I have this sentence that contains "& / ?".
c = "Do Sam&Lilly like yes/no questions?"
I want to add a whitespace before and after each of the special characters to get
"Do Sam & Lilly like yes / no questions ? "
I can only get this by the hard way:
c = gsub("[&]", " & ", c)
c = gsub("[/]", " / ", c)
c = gsub("[?]", " ? ", c)
But imagine that I have many of these special character, which warrants using [:alnum:]. So I am really looking for a solution that looks like this:
gsub("[[:alnum:]]", " [[:alnum:]] ", c)
Unfortunately, I cannot use [:alnum:] as the second argument this way.
You can use a capture group reference:
gsub("([&/])", " \\1 ", c)
Here we replace "&"
or "/"
with themselves ("\\1"
) padded with spaces. The "\\1"
means "use the first matched group from the pattern. A matched group is a portion of a regular expression in parentheses. In our case, the "([&/])"
.
You can expand this to cover more symbols / special characters by adding them to the character set, or by putting in an appropriate regex special character.
note: you probably shouldn't use c
as a variable name since it is also the name of a very commonly used function.
Seems like you mean this,
> c <- "Do Sam&Lilly like yes/no questions?"
> gsub("([^[:alnum:][:blank:]])", " \\1 ", c)
[1] "Do Sam & Lilly like yes / no questions ? "
[^[:alnum:][:blank:]]
negated POSIX character class which matches any character but not of an alphanumeric or horizontal space character. BY putting the pattern inside a capturing group, it would capture all the special characters. Replacing the matched special chars with space
+\\1
(refers the characters which are present inside the first group) + space
will give you the desired output. You could use [:space:]
instead of [:blank:]
also.
You can build your regex patterns outside of gsub
and then pass them in. I see the BrodieG refreed to the pattern enclosed in "(...)"
as a "capture group". The material inside square-brackets, "[...]"

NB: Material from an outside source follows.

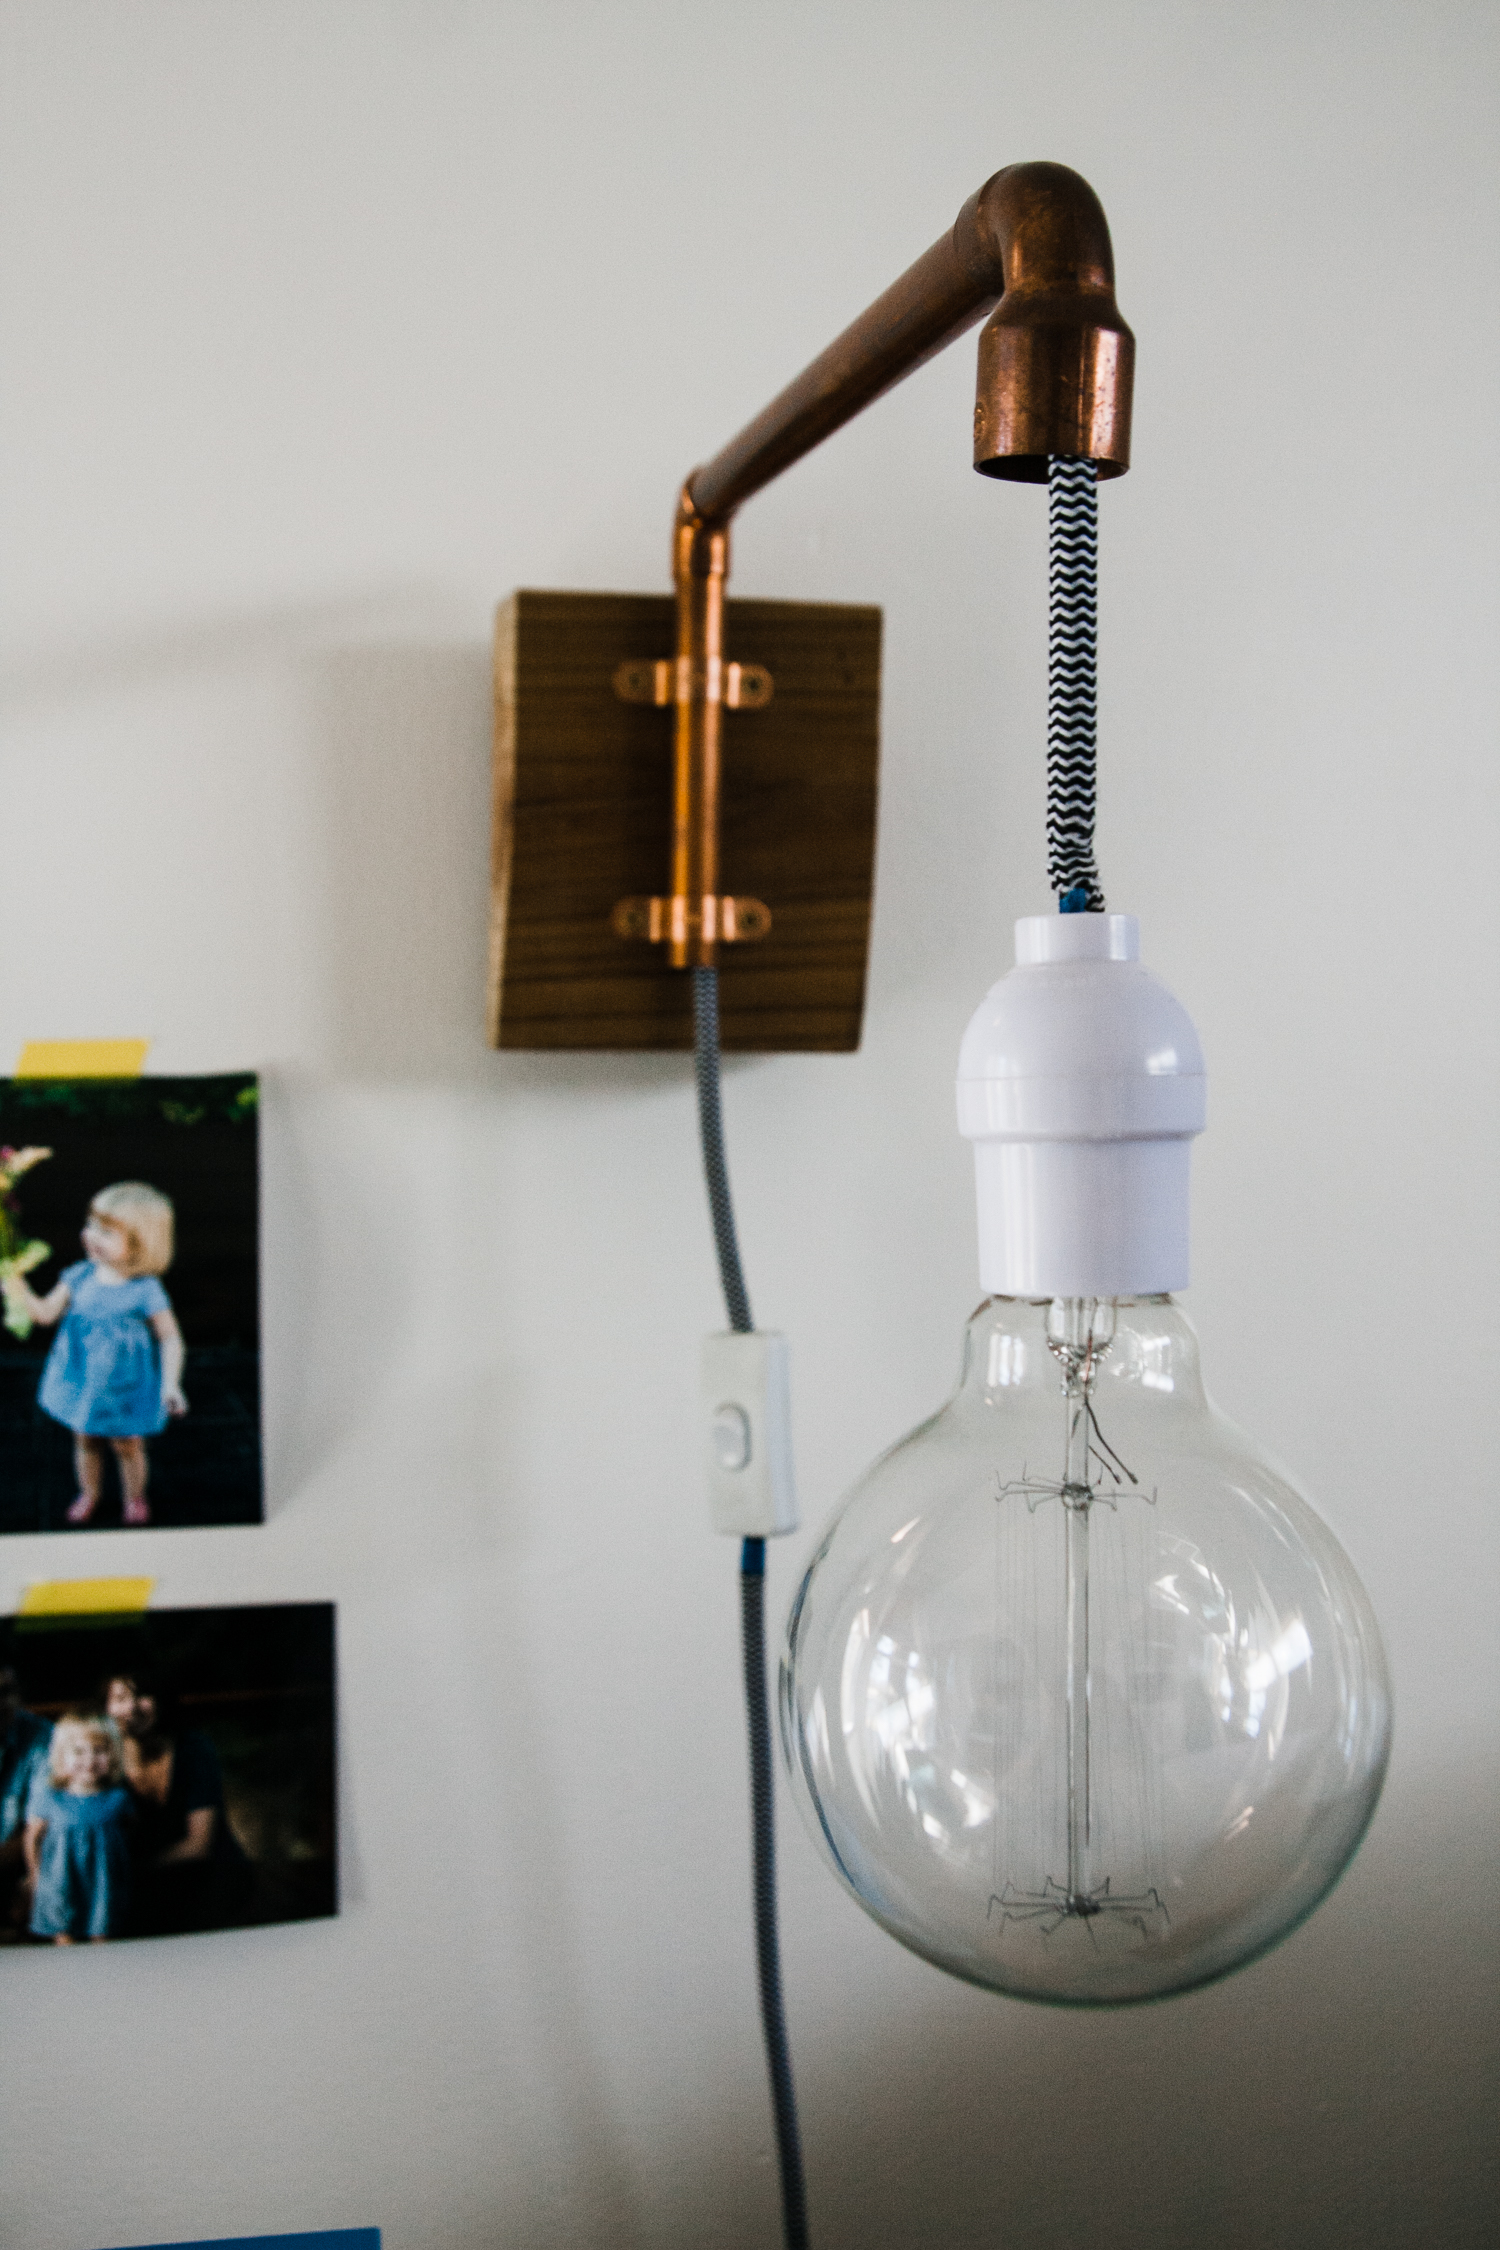 My husband made this wall-mounted lamp.

are called "character classes" in the R-help page for ?regex
. The "\1" is a "back-reference" and since the regex-help page seems to be silent on the matter of what to call strings enclosed in parentheses, I've probably just been pushed a bit further along in my understanding of regex terminology. :
your_chars <- c("!@#$%^&*", "()_+", "?/")
patt <- paste0( "([", paste0(your_chars,collapse=""), "])", collapse="")
gsub(patt, " \\1 ", ct)
#[1] "Do Sam & Lilly like yes / no questions ? "
You would need to use gsub
rather than sub
if you want to replace more than one instance ins a character value.